» **Brief**
Begin your copy at the line with "The Edith Skirt" in the records below and end it at the line with "Verkauf Schweiz Sales", restating each line word for word; omit the pictures.

» **Available data**
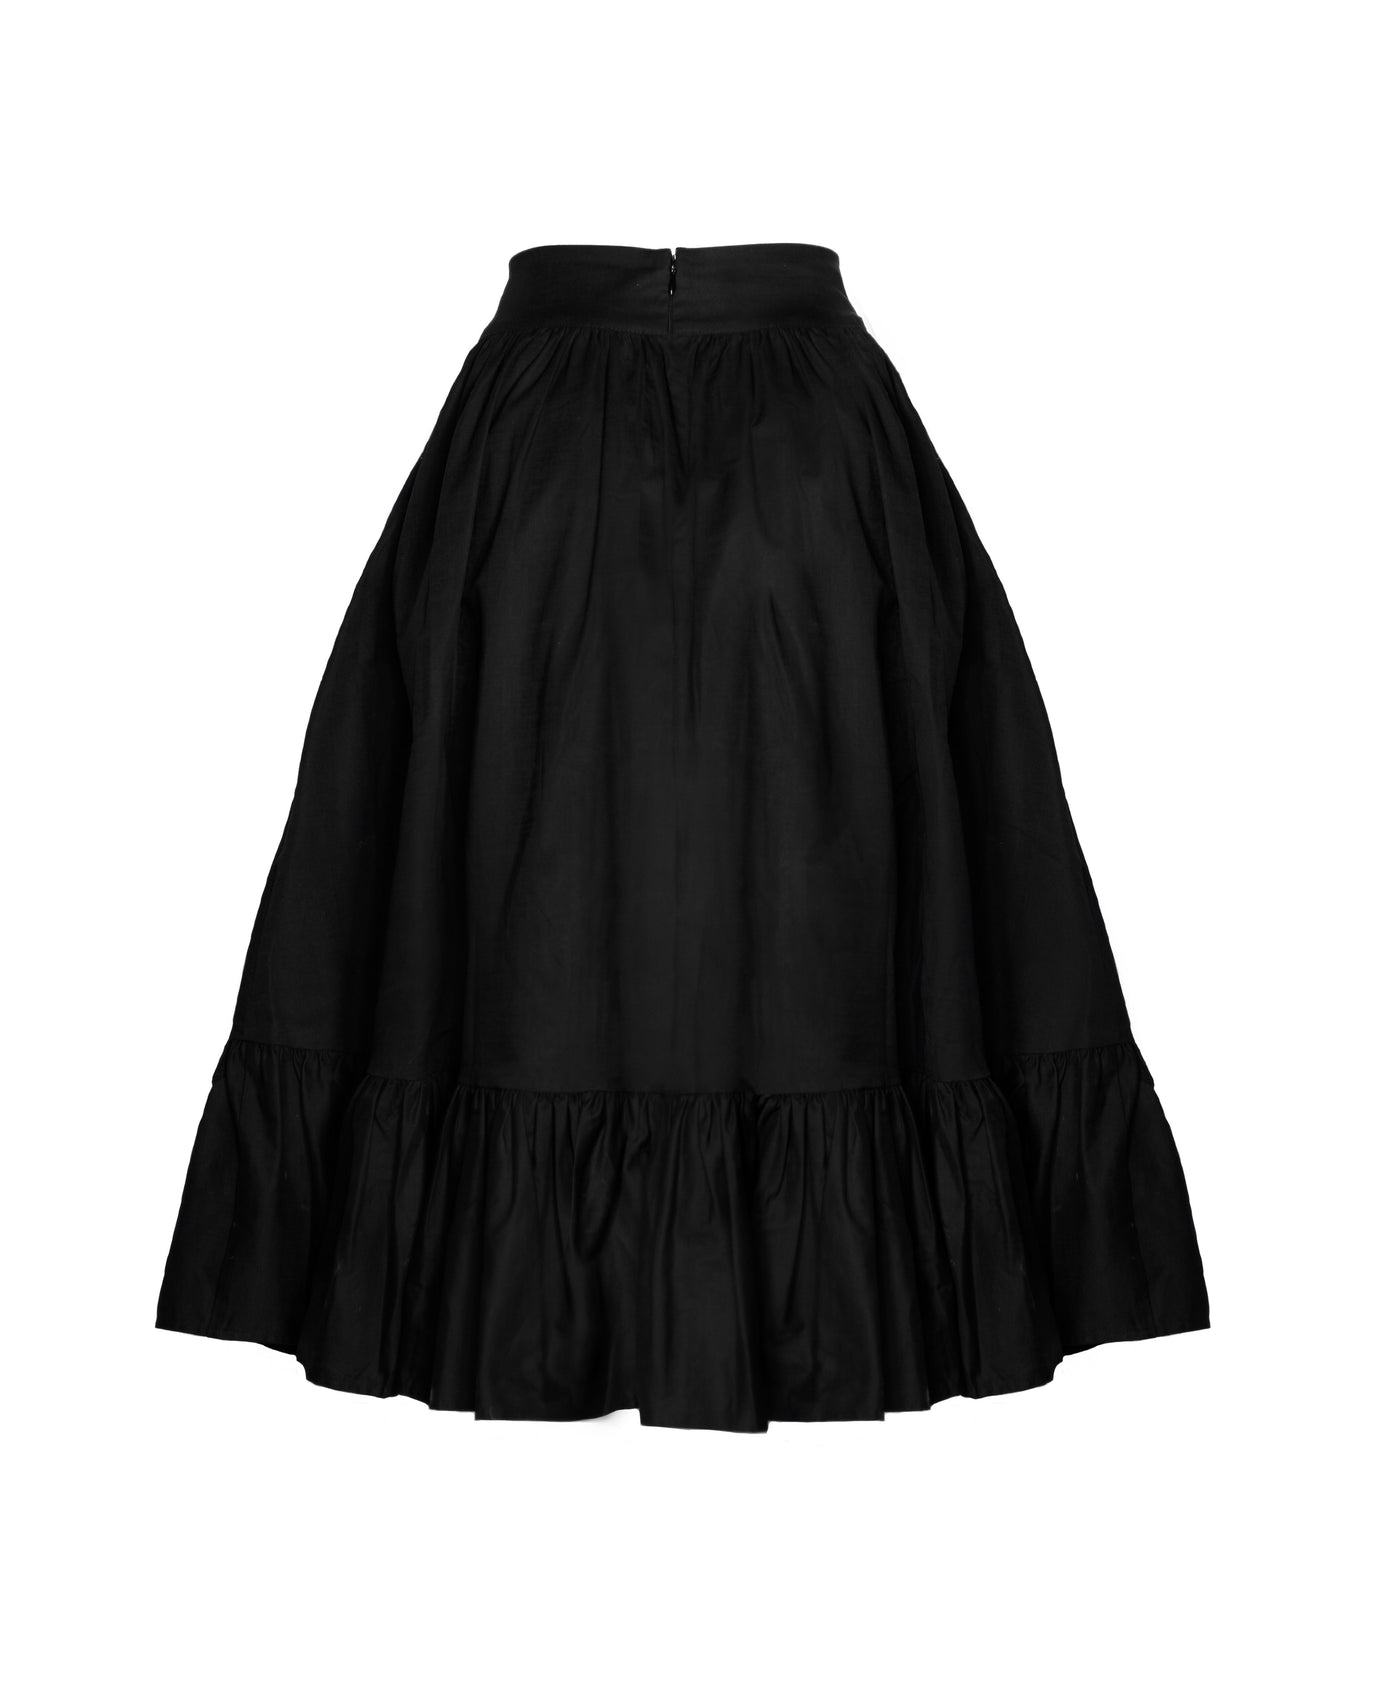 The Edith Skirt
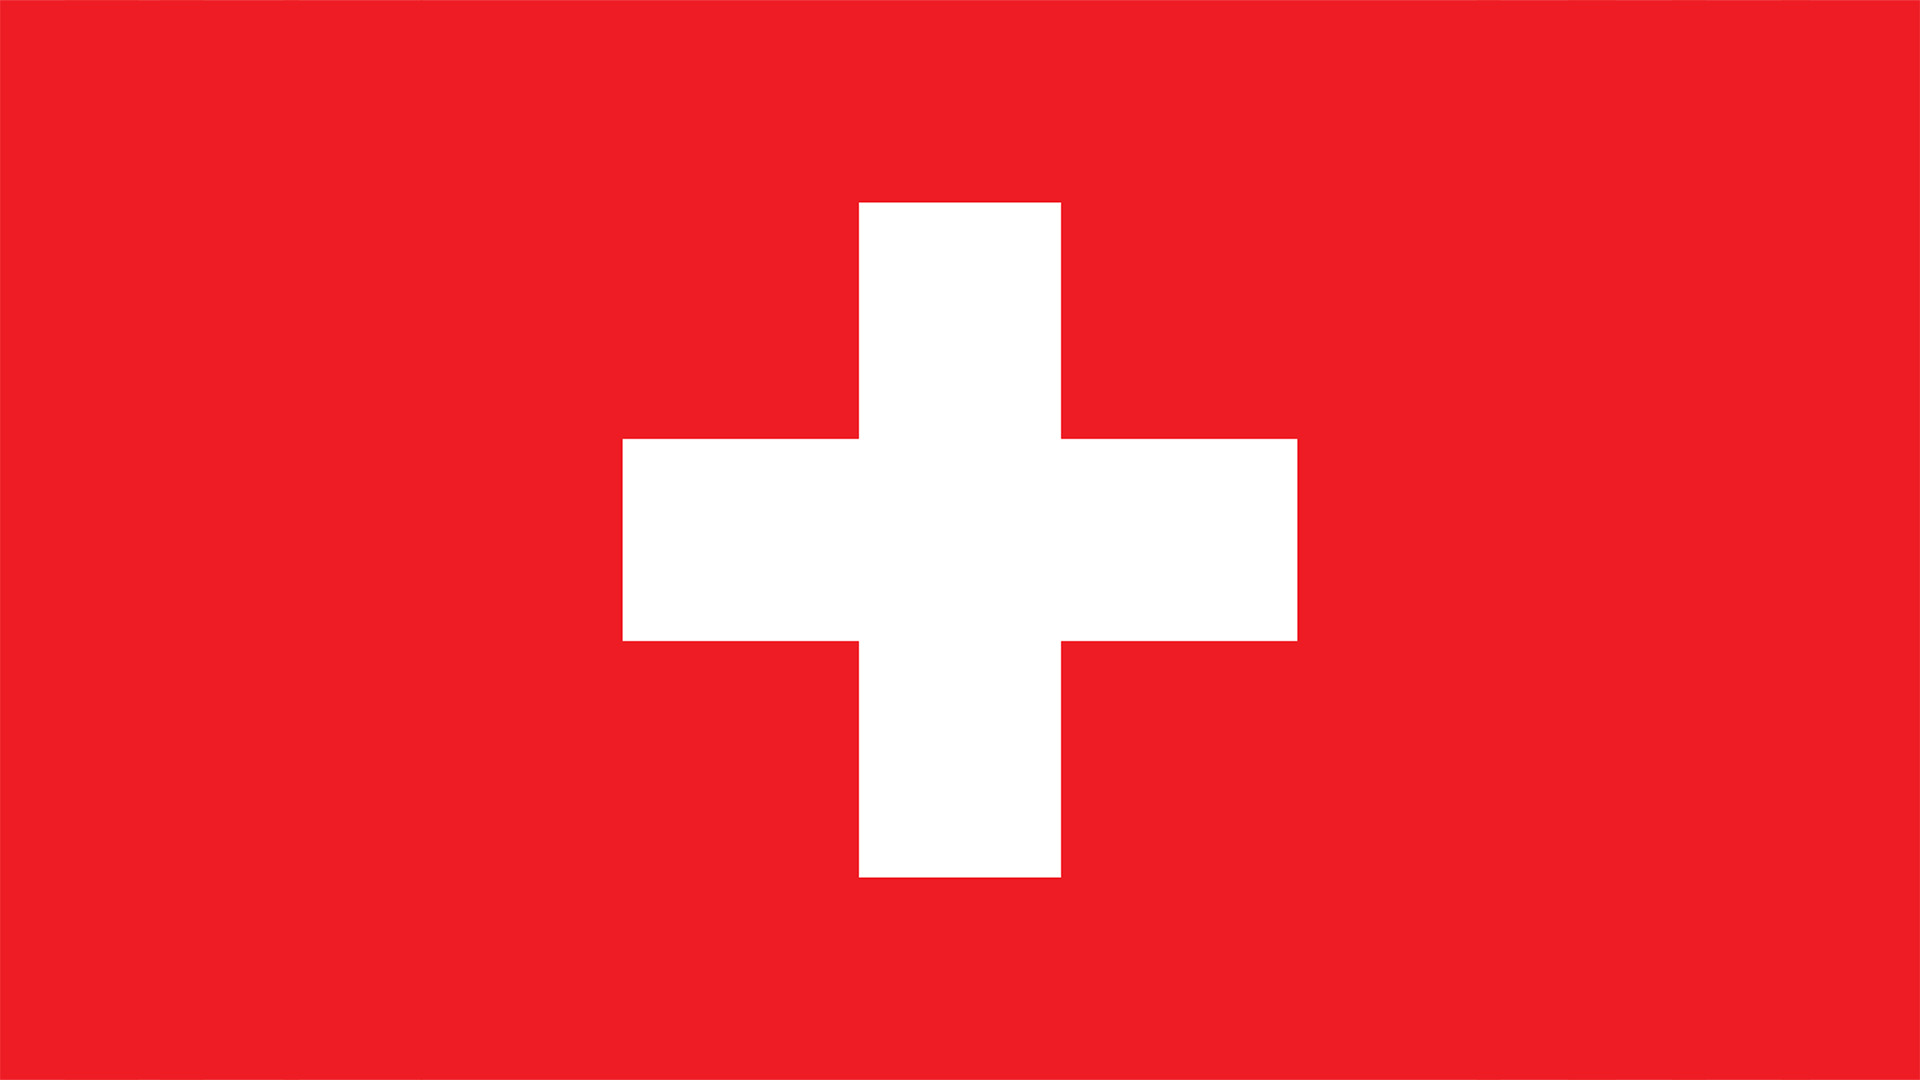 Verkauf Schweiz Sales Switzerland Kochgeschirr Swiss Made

...

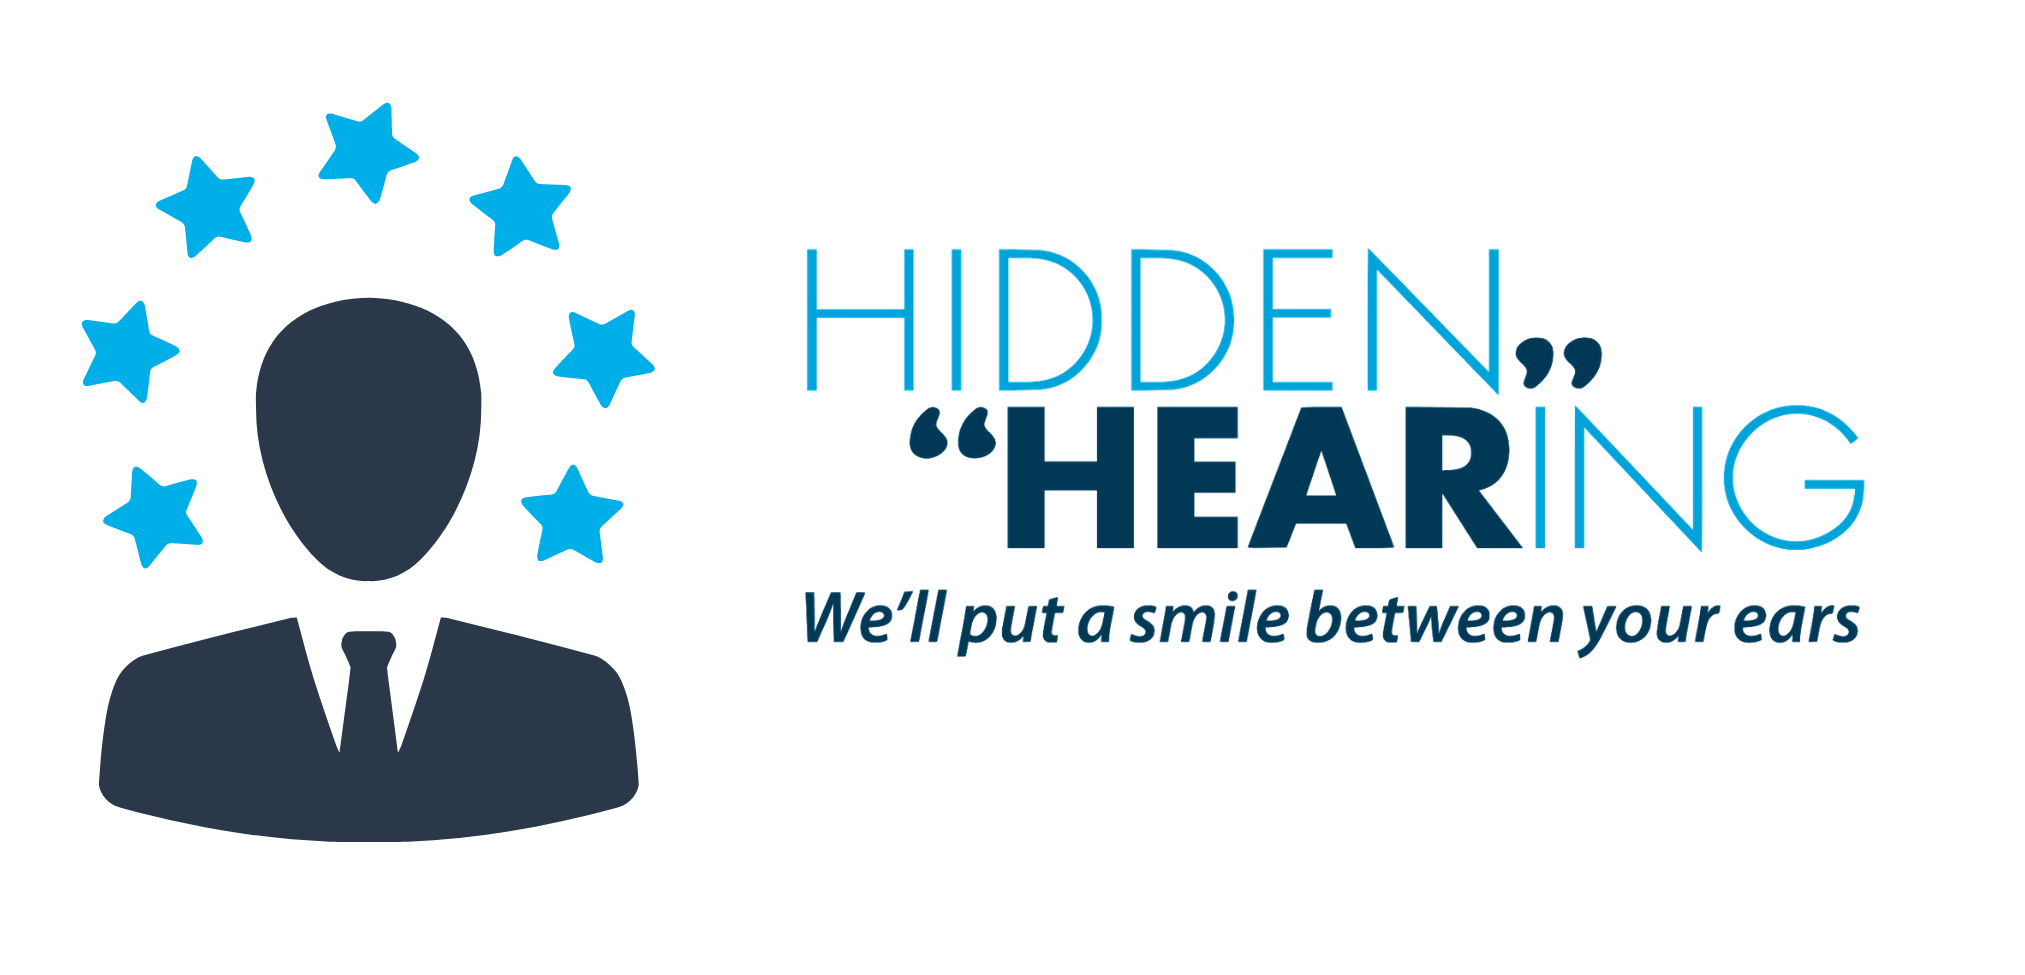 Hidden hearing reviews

==

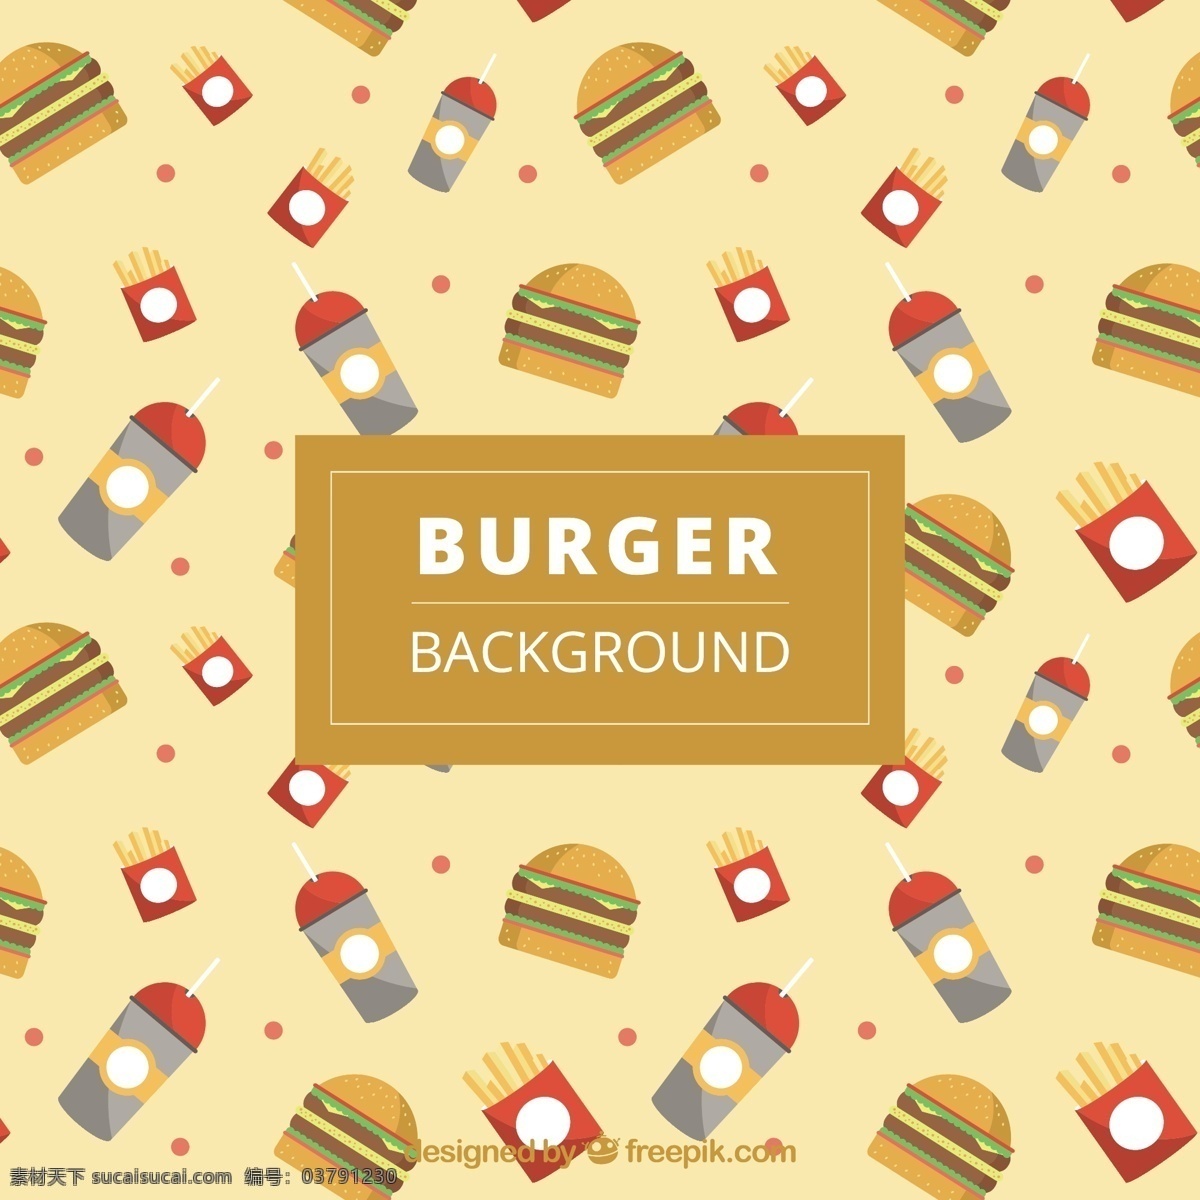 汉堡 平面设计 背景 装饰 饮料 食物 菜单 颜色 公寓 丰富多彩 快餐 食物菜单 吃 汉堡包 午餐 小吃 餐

» **Task result**
 The Edith Skirt
 Verkauf Schweiz Sales Switzerland Kochgeschirr Swiss Made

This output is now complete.